Friday, December 07, 2007

That's Not Exactly What I Meant...

Will writes:

But I also don’t fall all the way to the Tom Hoffman side of the fence that says citizenship is little more than what many (though not Tom) would call information literacy.

Will and I had a brief IM chat the other day, while he was on his way to a conference stage somewhere, and I guess I didn't make my points very well.

I don't think that having critical habits of mind are the entirety of citizenship. In fact, I'd say that preparing young people to be citizens -- citizenship -- is the primary function of a public school. So virtually everything you do, from government class to the pep rally, should ultimately be seen as teaching some component of citizenship, finding your place in the polis.

One feeling I keep returning to is that the fundamental error in discussions of "information literacy" "digital citizenship," etc., is a confusion of ends and means.
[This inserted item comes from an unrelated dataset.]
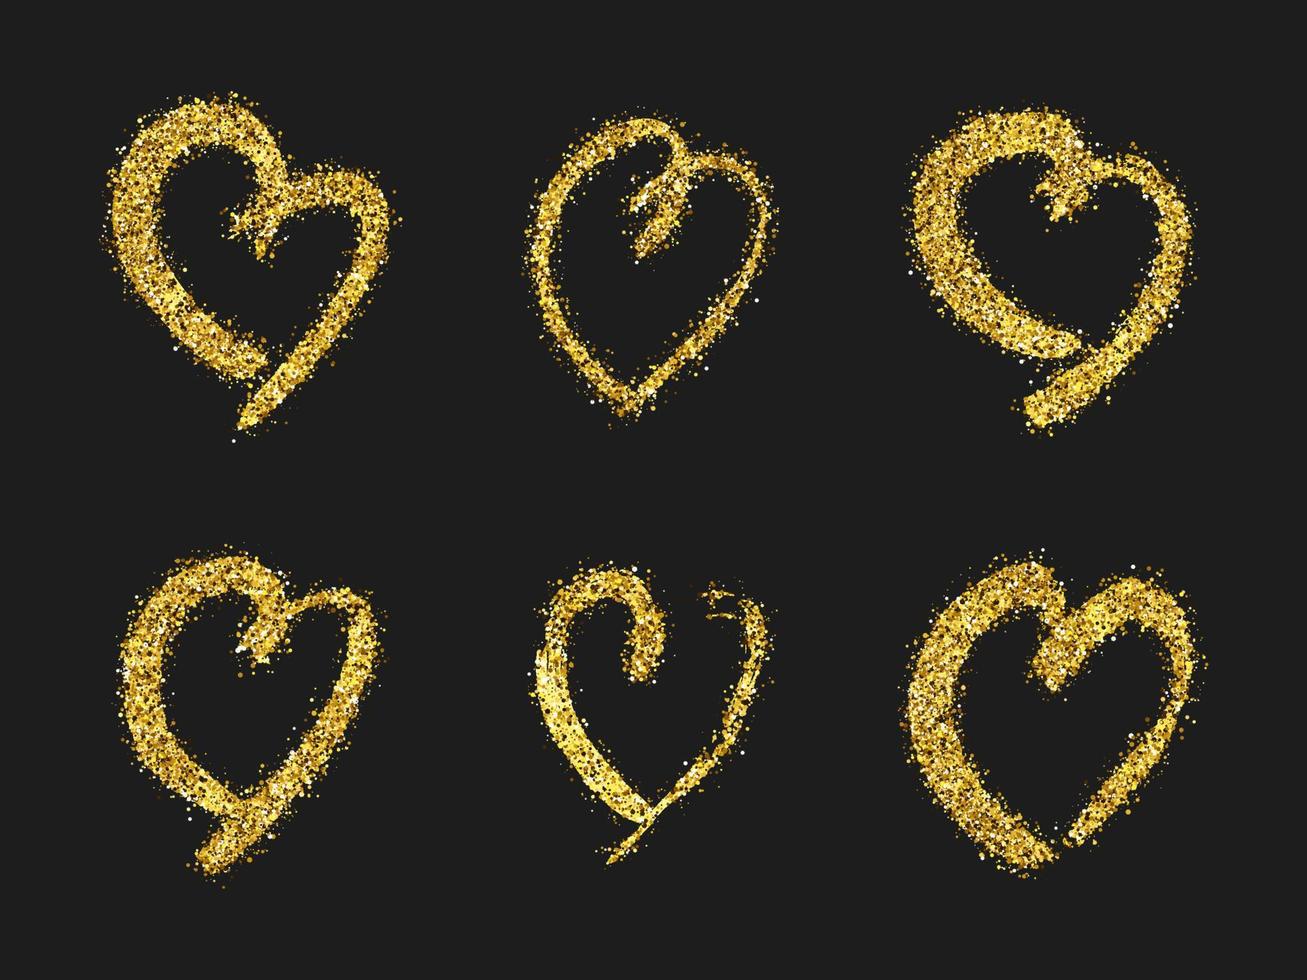 Gold glitter doodle heart on dark background. Set of six gold grunge hand drawn heart. Romantic love symbol. Vector illustration.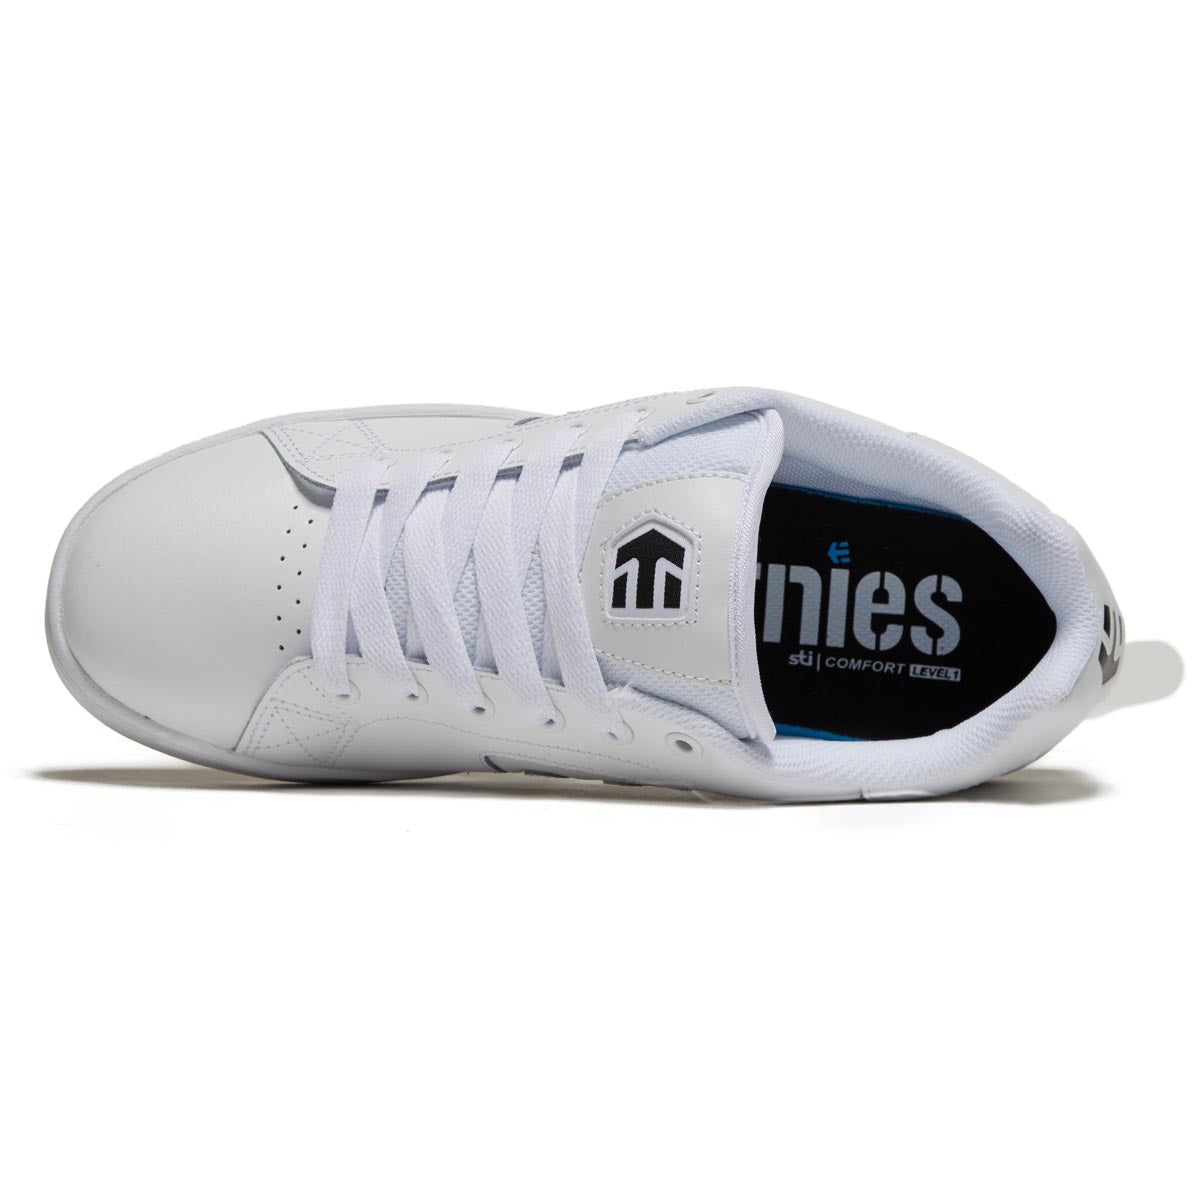 Etnies Callicut Shoes - White/Black image 3

Analyzing different points of view, interpretation, criticism, questioning and determining what is "true" (or if "truth" exists) -- these often come off not as the pinnacle of the educational process, which they are, but as a pre-requisite for writing a research paper.

2 comments:

Will Richardson said...

"Analyzing different points of view, interpretation, criticism, questioning and determining what is "true" (or if "truth" exists) -- these often come off not as the pinnacle of the educational process, which they are, but as a pre-requisite for writing a research paper."

And this goes back to what I was trying to say in our chat, that I don't think most see that process as the "pinnacle of the education process." The pinnacle as most see it is passing the test, and the test doesn't assess that stuff.

Tom Hoffman said...

Well, the whole discourse is so screwed up it is impossible to even have a conversation. People don't really believe that the goal of education is to pass the test. They believe their job is for their students to pass the test.

The real problem is that if you say "the goal of education is 'X'," they can say, "Of course! But how can you do 'X' if you can't first pass this simple reading test?!"